Sun released Solaris 10 in January, then began releasing major amounts of its underlying source code in June. Both moves were significant parts of the company's effort to restore luster and relevance that the operating system has lost to Linux, and to elevate its profile compared to Hewlett-Packard's HP-UX and IBM's AIX.

One major new feature coming with the upgrade is the Newboot start-up process, which chiefly is of interest to those with computers with x86 processors such as Intel's Pentium and Advanced Micro Devices' Opteron. For the earliest stages of start-up, Newboot uses the same Grub software as most versions of Linux, making it easier to run multiple operating systems on the same computer. Newboot also makes it easier to use a much wider variety of hardware during the boot process.

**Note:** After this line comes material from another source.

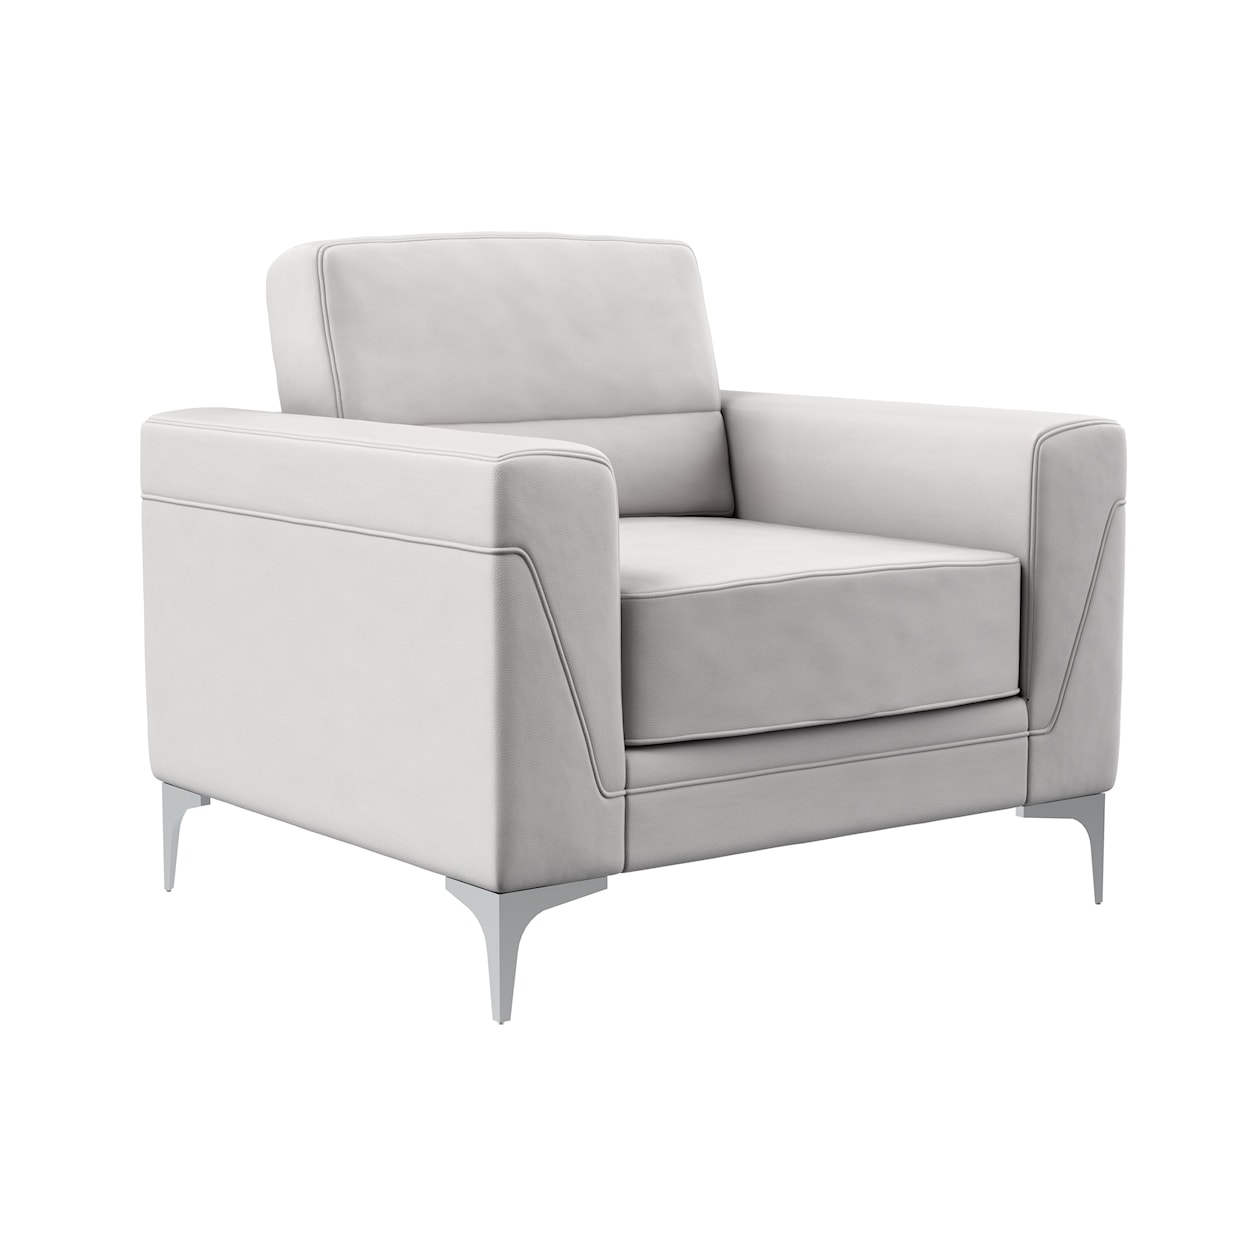 Global Furniture U6109 Light Grey Chair PVC

There's more coming with the first update than just Newboot, Ratcliffe said. Sun will fully integrate the Sun Update Connection software, which alerts users about when software updates are available and optionally handles installation. The software today is a separate feature.

The Solaris update also will include improvements to memory performance, networking performance and hardware support, Ratcliffe added.

However, as expected, two major Solaris features won't arrive until 2006: Janus, which lets Linux software run on the version of Solaris for x86 chips such as Intel's Xeon, and ZFS, the Zettabyte File System that governs how files are written to storage devices.

File systems control people's data, and their arrival must not be rushed, Ratcliffe said. That's even more the case with ZFS: Its 128-bit address space gives it the ability to govern vast amounts of data, and Sun therefore expects the software to last for a very long time.

"You've got to get it right, and you have one shot to get it right," Ratcliffe said. ZFS is in its third beta test and will be broadly available for evaluation by the end of the year through the Solaris Express program. Sun plans to fully integrate ZFS in an update released "early to mid next year."

With Janus, formally called the Linux Application Environment, Sun was ready to release the software when customers intervened. They asked Sun for a different approach that isolated Linux applications into their own compartment, Ratcliffe said.

The initial version would let Linux applications run, but only in Solaris' primary program environment. Customers wanted to be able to run them in walled-off compartments called "containers," one of the major additions of Solaris 10. Applications running in a container can crash without disturbing the rest of the system.

The new Janus will arrive later than ZFS, Ratcliffe said. "We expect to go into beta with the new version early next year and ship by the middle of next year," he said.

Janus will initially support Linux applications that run on Red Hat Enterprise Linux--specifically RHEL 3, Update 1, which was released in the first quarter of 2004.

With Solaris 10, Sun began letting people download and use the software for free, charging only for support. So far, more than 2.8 million copies have been downloaded, Sun said.